3.2. Data Preprocessing

The dataset is provided as MATLAB struct files, which can be processed in Python using the SciPy Library. The result includes EEG and fNIRS signal data along with timestamps marking the start of each trial. The fNIRS data comprise two arrays, one for deoxygenated data from 36 channels and another for oxygenated data from 36 channels, resulting in 72-channel data. Basic data preprocessing was already performed by the original publishers [17]. For the fNIRS signals, the optical intensity measurements from the electrodes were converted into HbO (oxygenated) and HbR (deoxygenated) oxygen concentration values and then downsampled to 10 Hz. The EEG signals were processed by downsampling the raw electrode data to 200 Hz and applying a bandpass filter from 1–40 Hz. In addition, ocular artifacts were removed from the EEG signals using the EEGLAB toolbox.

Further preprocessing steps were based on our preliminary tests. We discarded the initial 2 s of instruction time, retained the subsequent 10 s of task implementation, and excluded the rest of the period data. This approach yielded a consistent time window of 10 s per trial for analysis. The initial EEG sampling frequency of 200 Hz led to an EEG matrix of size 2000 × 30 (time samples × channels), while the fNIRS sampling frequency of 10 Hz resulted in an NIRS matrix of size 100 × 72 (time samples × combined deoxy and oxy channels). We then applied additional downsampling, reducing the amount of data by half, resulting in an EEG matrix of 1000 × 30 with a sampling frequency of 100 Hz and an fNIRS matrix of 50 × 72 with a sampling frequency of 5 Hz. After segregating the tasks, we utilized a sliding window of 5 s with an overlap of 1 s for each window. This process produced six task samples from each trial, amounting to 360 task samples per subject, with each sample labeled WG or BL according to the original trial label. Consequently, we obtained 9360 5 s task samples with dimensions of 500 × 30 (time samples × channels) for EEG and 25 × 72 (time samples × combined deoxy and oxy channels) for fNIRS. The data samples were normalized along channels using Z-Score normalization from the StandardScaler library in SciKit Learn [41]. The information of the processed dataset is provided in Table 1.

3.3. The EF-Net Method

This paper introduces EF-Net, a multimodal deep learning model for mental state classification utilizing the capabilities of EEG to extract temporal features and fNIRS to extract. EF-Net comprises two specialized branches, each dedicated to processing one of these modalities. The overview of the EF-Net pipeline is illustrated in Figure 1. The EEG branch is specifically designed to focus on extracting temporal features, and takes an EEG signal

X_{e} \in R^{T_{e} \times C_{e}}

as input, where

T_{e} = 500

represents the number of time stamps and

C_{e} = 30

denotes the number of channels. Conversely, the fNIRS branch aims to capture spatial features, processing an fNIRS signal

X_{f} \in R^{T_{f} \times C_{f}}

, where

T_{f} = 25

and

C_{f} = 72

represent the timestamps and channel numbers, respectively. Both branches of EF-Net independently learn data representations through a sophisticated deep learning architecture. Subsequently, these representations are concatenated and passed through fully connected networks, leading to the final classification output. In practice, the EF-Net takes EEG and fNIRS data minibatches as input. We built EF-Net using Tensorflow 2.0 Keras API [42] and ran all of our experiments on Google Colab using a V100 GPU.
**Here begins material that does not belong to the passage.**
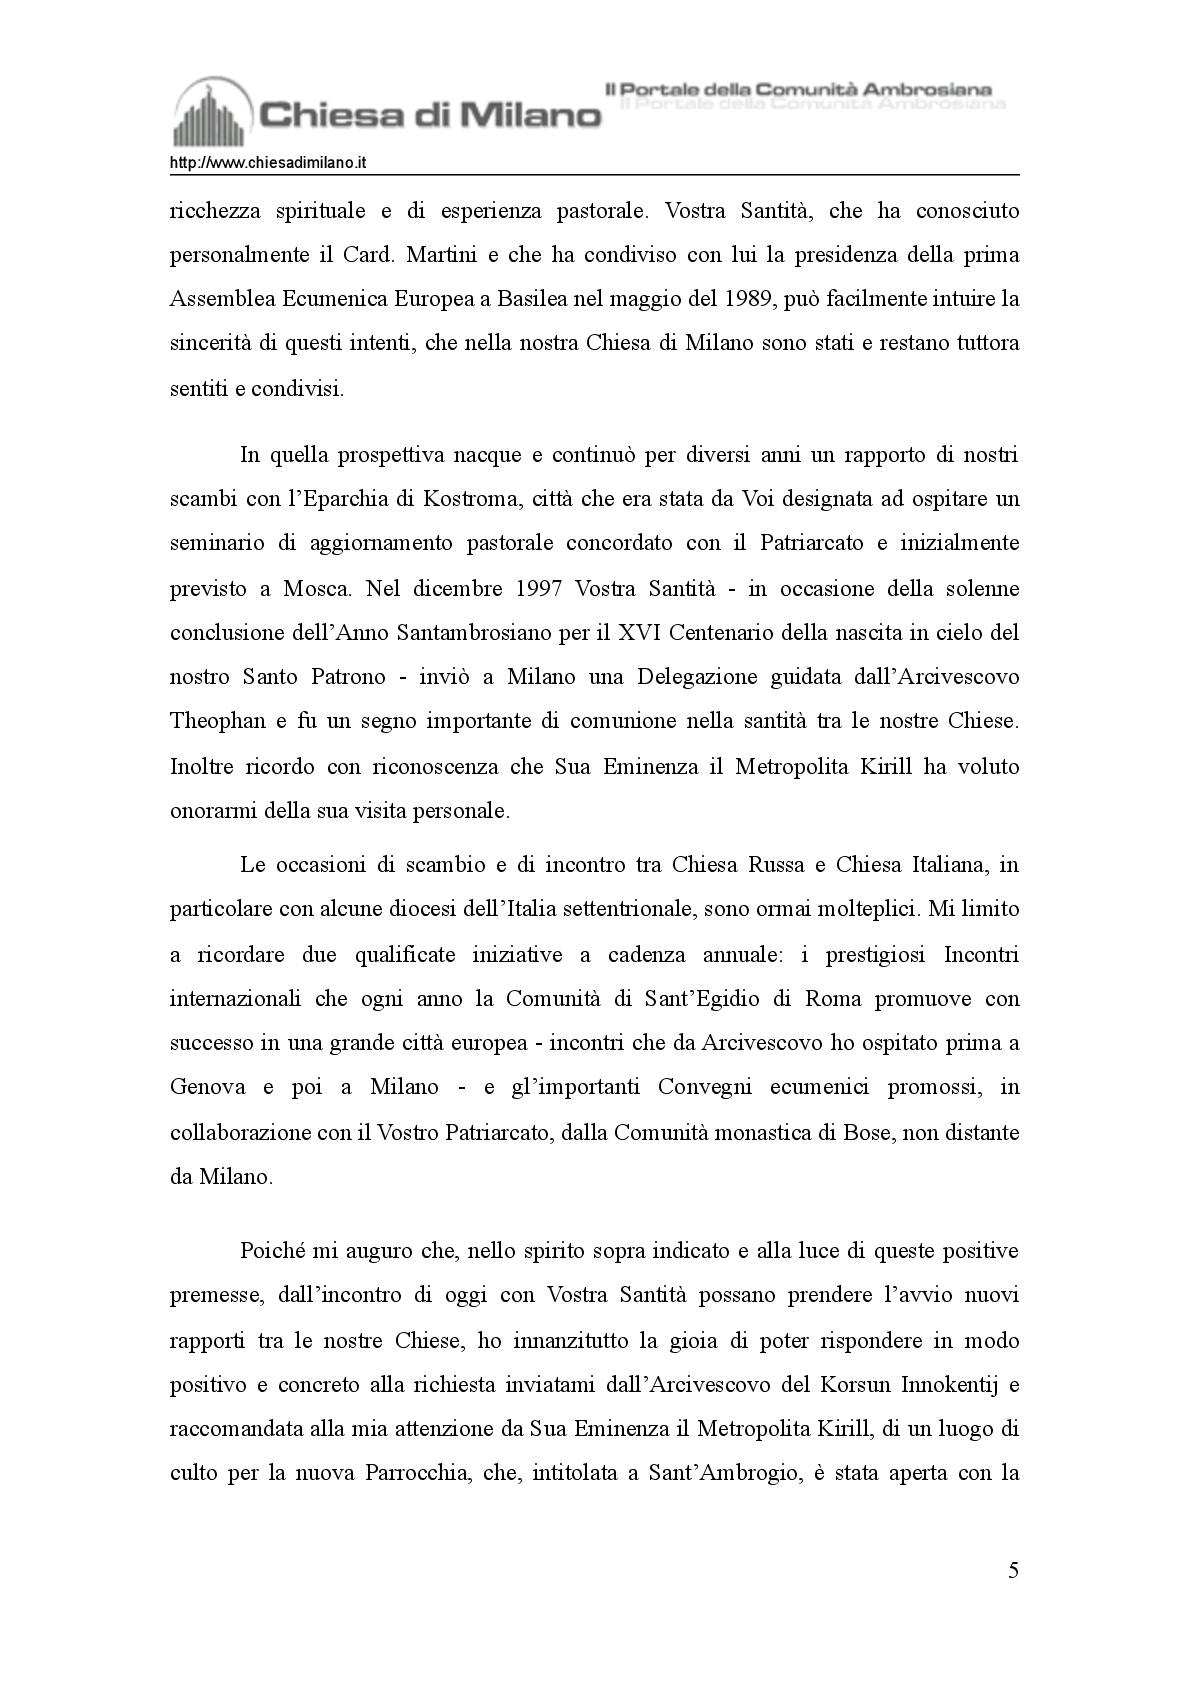 6-discorso-di-Tettamanzi-a-Mosca-005

3.3.1. EEG Modality Branch

The input EEG samples, initially shaped as (500 × 30), are transformed into (500 × 30 × 1) to facilitate compatibility with 2D convolution. The effectiveness of applying 2D convolution to 1D temporal data has been validated in numerous studies, such as [10,20]. EF-Net employs three Conv2D blocks, each with a kernel size of (7 × 1) and 32 filters, to process these input samples. The chosen kernel size (7 × 1) was specifically selected to scan temporal features along timestamps across a single channel. The repetitive Conv2D blocks are intended to capture a broad range of features, from low-level to high-level. Following this, a max pooling layer with a pooling size of (7 × 1) is applied, retaining the most prominent features from the convolutional feature matrices. These layers are subsequently accompanied by a dropout layer with a rate of 0.5, effectively turning certain perceptrons off within that part of the model to prevent overfitting [43]. Batch normalization [44] is applied after the dropout layer to mitigate distribution shifts among batch samples and accelerate the training process.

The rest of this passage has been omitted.